Technical Overview

The Technical Overview section gives you a high-level view of:

  • JupyterHub’s Subsystems: Hub, Proxy, Single-User Notebook Server

  • how the subsystems interact

  • the process from JupyterHub access to user login

  • JupyterHub’s default behavior

  • customizing JupyterHub

The goal of this section is to share a deeper technical understanding of JupyterHub and how it works.

The Subsystems: Hub, Proxy, Single-User Notebook Server

JupyterHub is a set of processes that together provide a single user Jupyter Notebook server for each person in a group. Three major subsystems are started by the jupyterhub command line program:

  • Hub (Python/Tornado): manages user accounts, authentication, and coordinates Single User Notebook Servers using a Spawner.

  • Proxy: the public facing part of JupyterHub that uses a dynamic proxy to route HTTP requests to the Hub and Single User Notebook Servers. configurable http proxy (node-http-proxy) is the default proxy.

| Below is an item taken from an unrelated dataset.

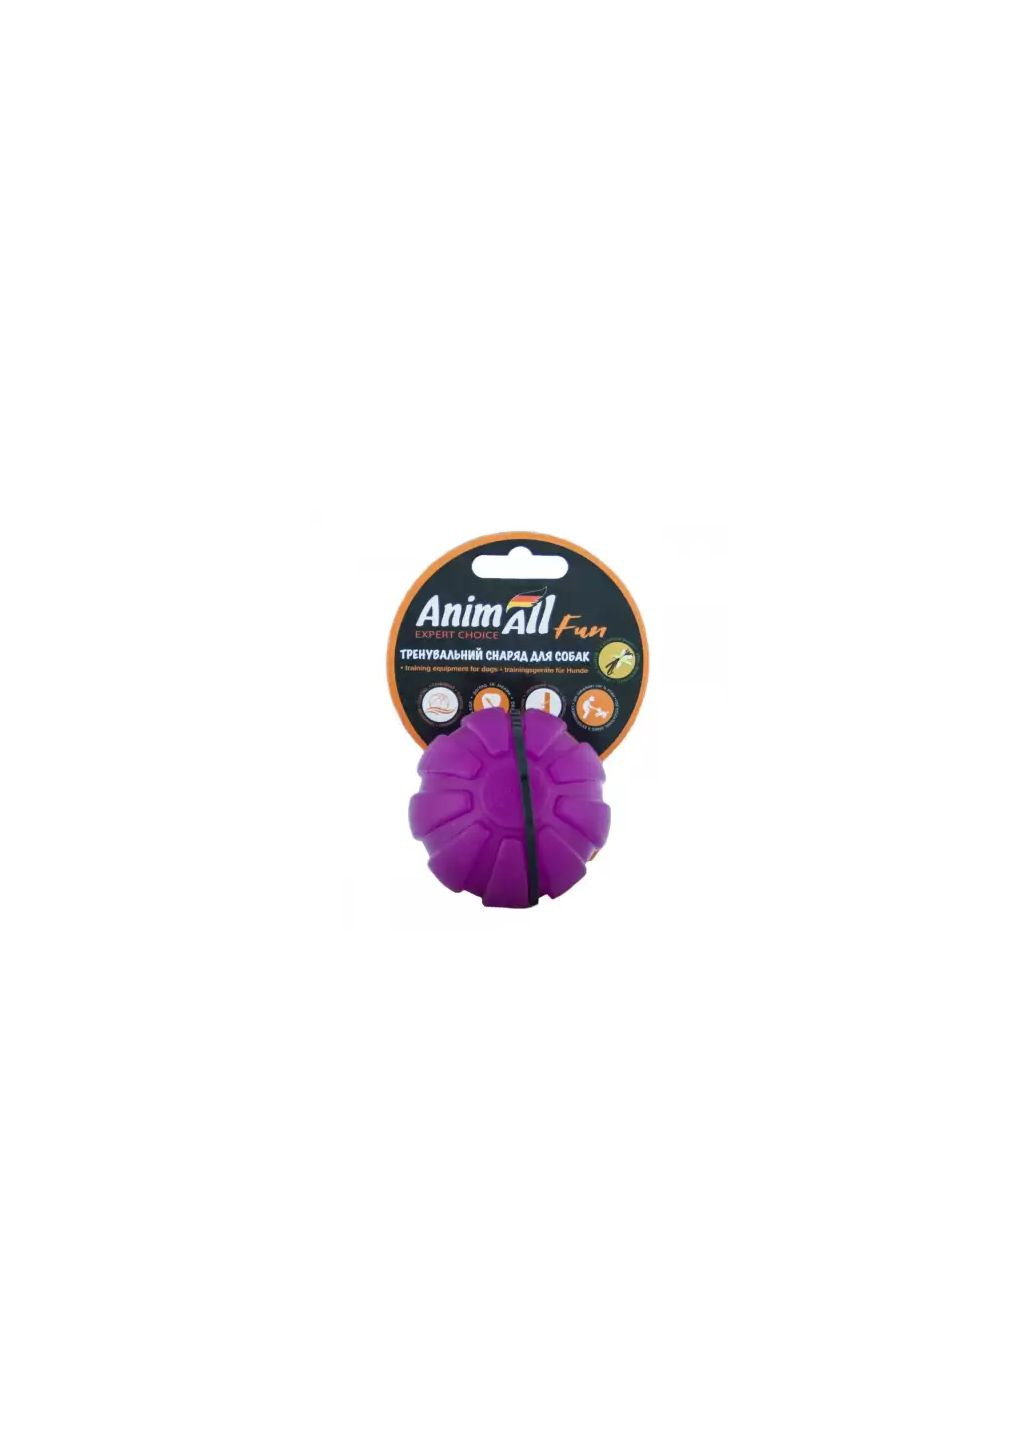 Игрушка Fun тренировочный мяч, фиолетовый, 7 см AnimAll (278309054)

  • Single-User Notebook Server (Python/Tornado): a dedicated, single-user, Jupyter Notebook server is started for each user on the system when the user logs in. The object that starts the single-user notebook servers is called a Spawner.

JupyterHub subsystems

How the Subsystems Interact

Users access JupyterHub through a web browser, by going to the IP address or the domain name of the server.

The basic principles of operation are:

  • The Hub spawns the proxy (in the default JupyterHub configuration)

  • The proxy forwards all requests to the Hub by default

  • The Hub handles login, and spawns single-user notebook servers on demand

  • The Hub configures the proxy to forward url prefixes to single-user notebook servers

The proxy is the only process that listens on a public interface. The Hub sits behind the proxy at /hub. Single-user servers sit behind the proxy at /user/[username].

Different authenticators control access to JupyterHub. The default one (PAM) uses the user accounts on the server where JupyterHub is running. If you use this, you will need to create a user account on the system for each user on your team. Using other authenticators, you can allow users to sign in with e.g. a GitHub account, or with any single-sign-on system your organization has.

Next, spawners control how JupyterHub starts the individual notebook server for each user. The default spawner will start a notebook server on the same machine running under their system username. The other main option is to start each server in a separate container, often using Docker.

The Process from JupyterHub Access to User Login

When a user accesses JupyterHub, the following events take place:

  • Login data is handed to the Authenticator instance for validation

  • The Authenticator returns the username if the login information is valid

  • A single-user notebook server instance is spawned for the logged-in user

  • When the single-user notebook server starts, the proxy is notified to forward requests to /user/[username]/* to the single-user notebook server.

  • A cookie is set on /hub/, containing an encrypted token. (Prior to version 0.8, a cookie for /user/[username] was used too.)

  • The browser is redirected to /user/[username], and the request is handled by the single-user notebook server.

The single-user server identifies the user with the Hub via OAuth:

  • on request, the single-user server checks a cookie

  • if no cookie is set, redirect to the Hub for verification via OAuth

  • after verification at the Hub, the browser is redirected back to the single-user server

  • the token is verified and stored in a cookie

  • if no user is identified, the browser is redirected back to /hub/login

Default Behavior

By default, the Proxy listens on all public interfaces on port 8000. Thus you can reach JupyterHub through either:

  • http://localhost:8000

  • or any other public IP or domain pointing to your system.

In their default configuration, the other services, the Hub and Single-User Notebook Servers, all communicate with each other on localhost only.

By default, starting JupyterHub will write two files to disk in the current working directory:

  • jupyterhub.sqlite is the SQLite database containing all of the state of the Hub. This file allows the Hub to remember which users are running and where, as well as storing other information enabling you to restart parts of JupyterHub separately. It is important to note that this database contains no sensitive information other than Hub usernames.

  • jupyterhub_cookie_secret is the encryption key used for securing cookies. This file needs to persist so that a Hub server restart will avoid invalidating cookies. Conversely, deleting this file and restarting the server effectively invalidates all login cookies. The cookie secret file is discussed in the Cookie Secret section of the Security Settings document.

The location of these files can be specified via configuration settings. It is recommended that these files be stored in standard UNIX filesystem locations, such as /etc/jupyterhub for all configuration files and /srv/jupyterhub for all security and runtime files.

Customizing JupyterHub

There are two basic extension points for JupyterHub:

  • How users are authenticated by Authenticators

  • How user’s single-user notebook server processes are started by Spawners

Each is governed by a customizable class, and JupyterHub ships with basic defaults for each.

To enable custom authentication and/or spawning, subclass Authenticator or Spawner, and override the relevant methods.